**DATA PROVIDED**
::::::::::
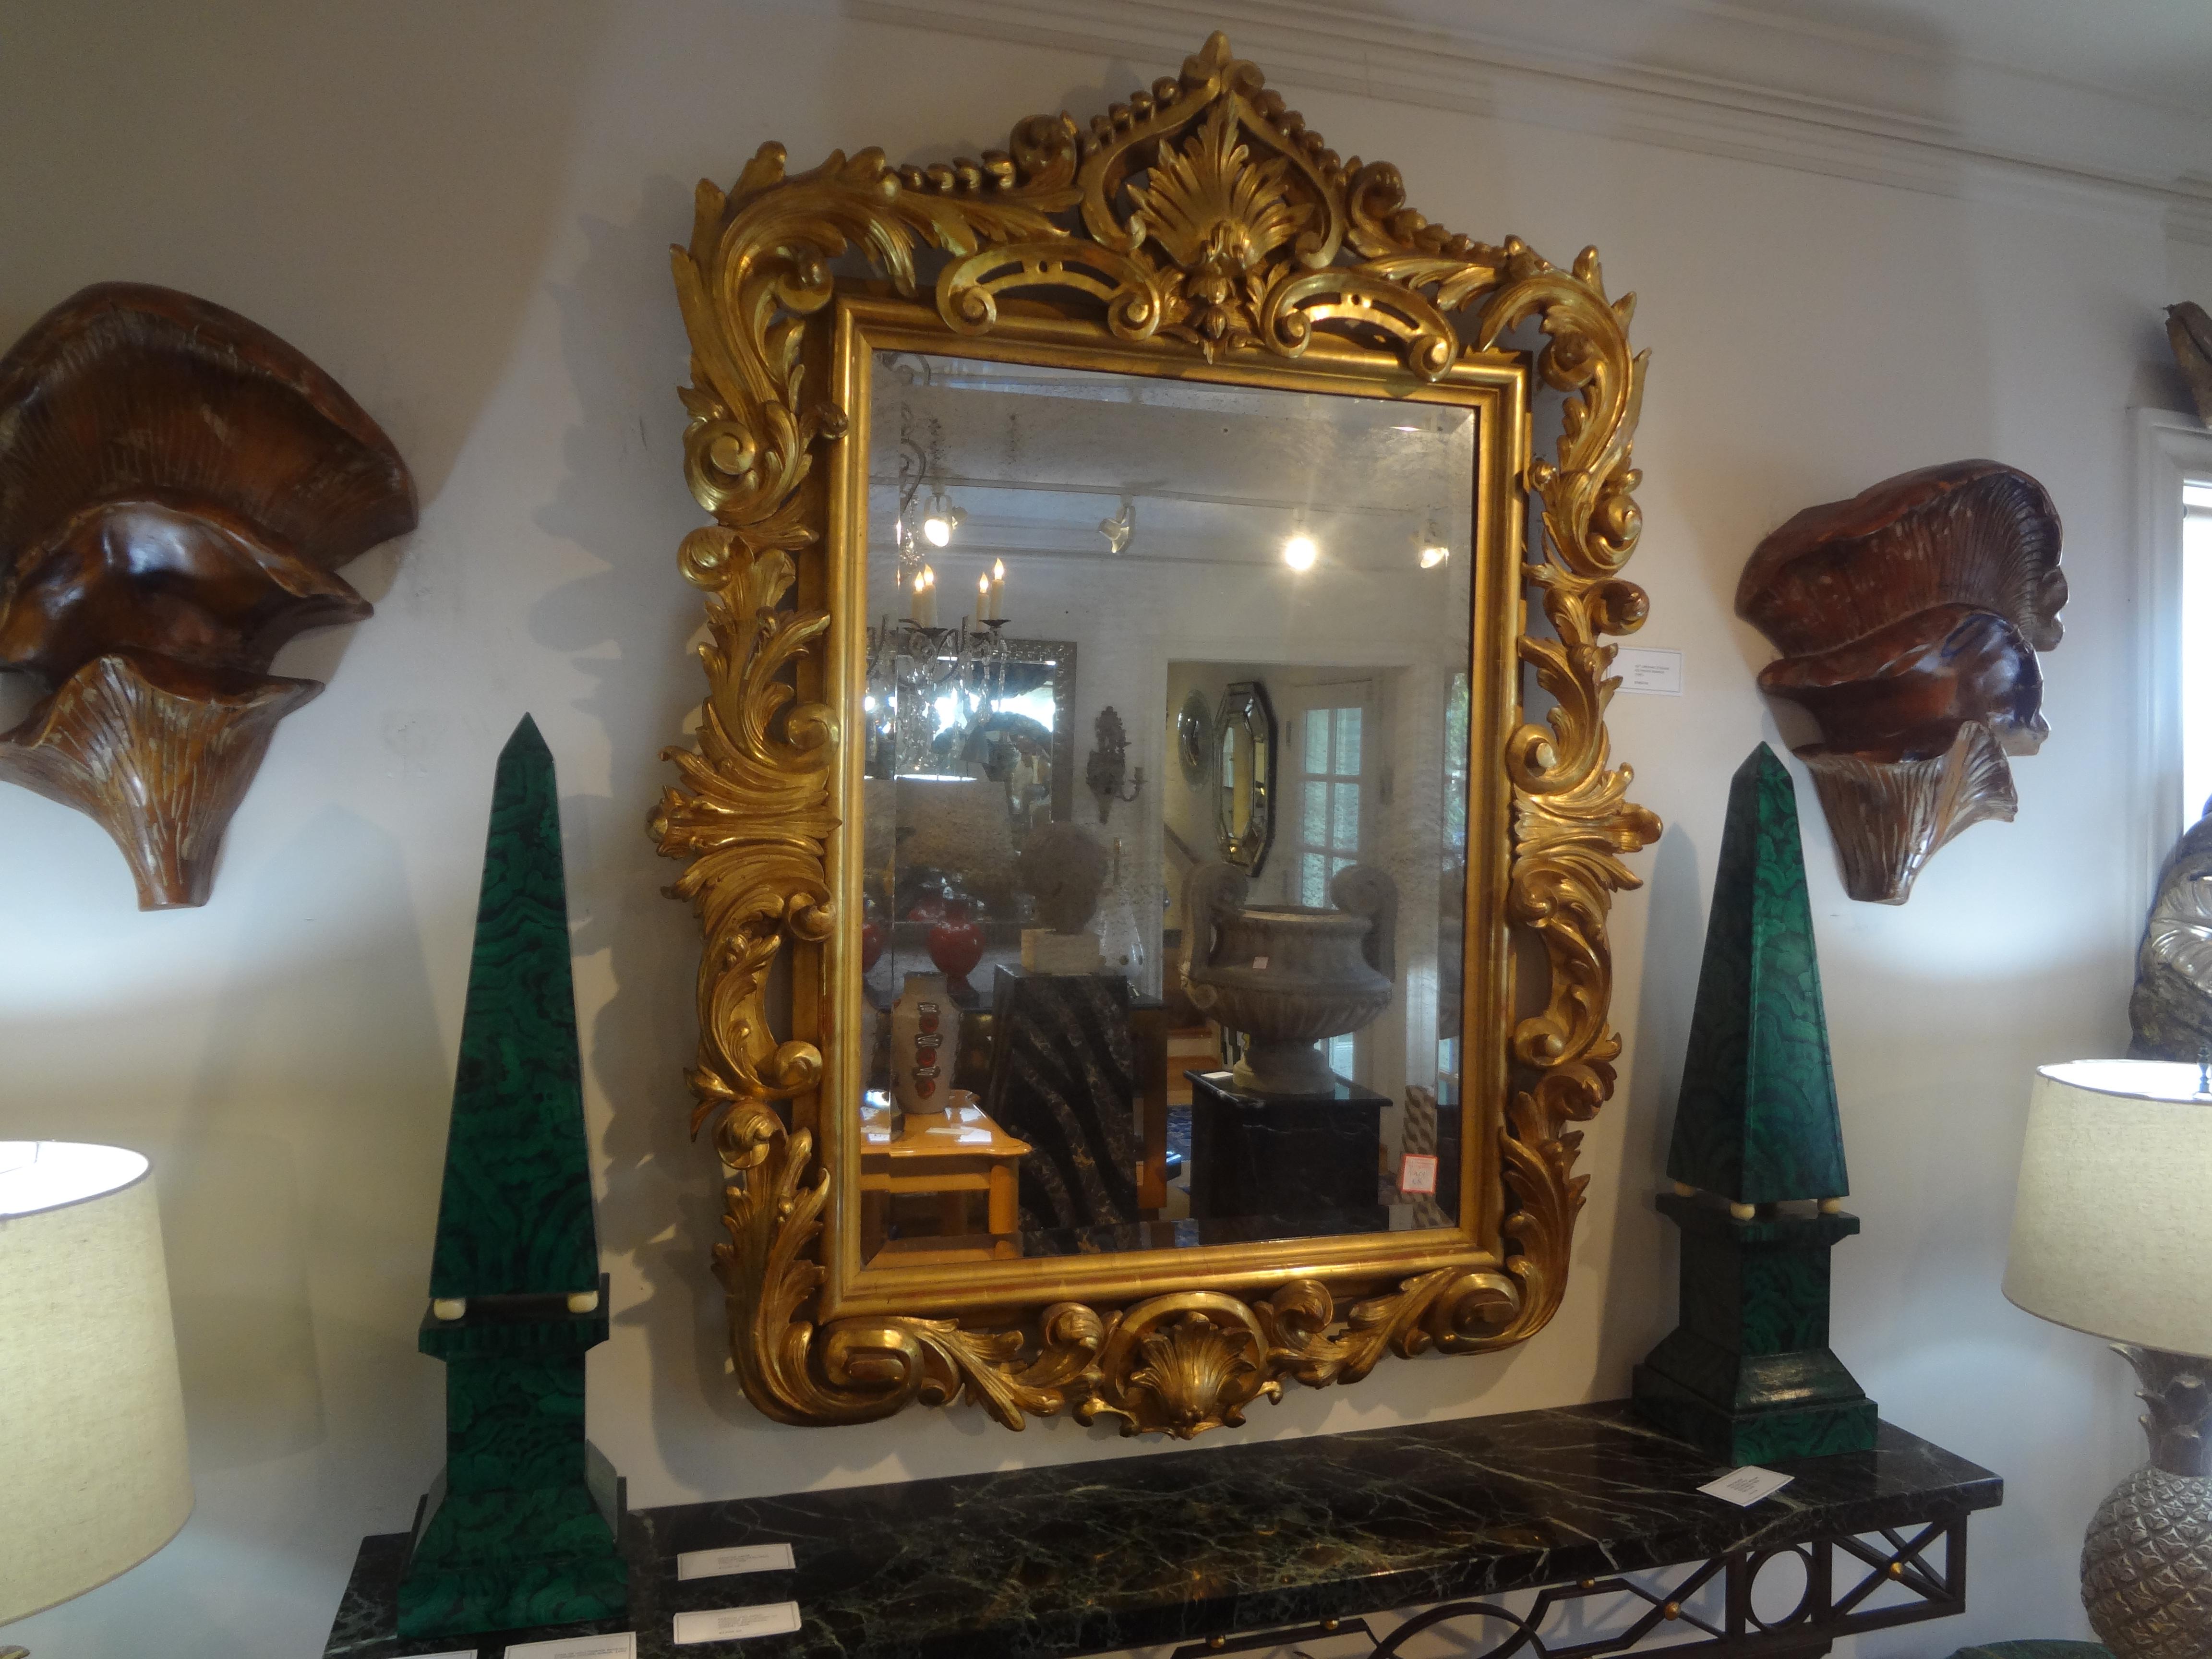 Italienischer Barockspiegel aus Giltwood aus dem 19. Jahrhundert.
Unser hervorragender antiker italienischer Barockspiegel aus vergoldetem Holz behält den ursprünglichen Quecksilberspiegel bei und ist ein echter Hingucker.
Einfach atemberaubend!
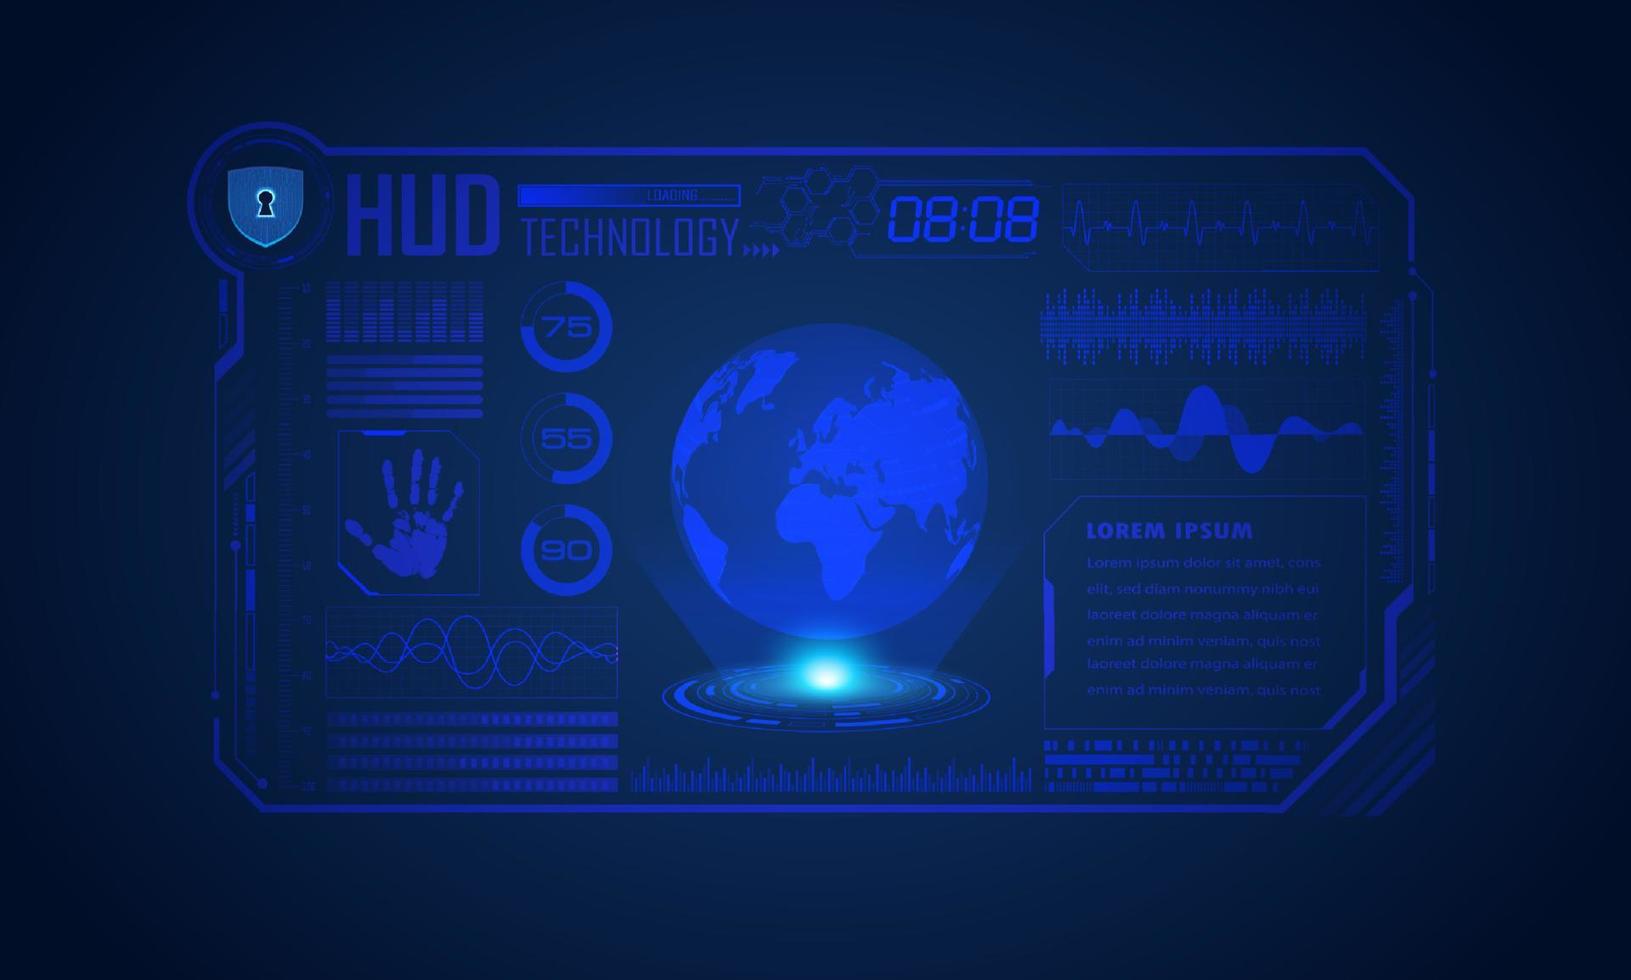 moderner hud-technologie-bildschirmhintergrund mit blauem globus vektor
::::::::::
What's needed is a word-for-word retyping of the listing, minus its pictures.

 Italienischer Barockspiegel aus Giltwood aus dem 19. Jahrhundert.
Unser hervorragender antiker italienischer Barockspiegel aus vergoldetem Holz behält den ursprünglichen Quecksilberspiegel bei und ist ein echter Hingucker.
Einfach atemberaubend!
 moderner hud-technologie-bildschirmhintergrund mit blauem globus vektor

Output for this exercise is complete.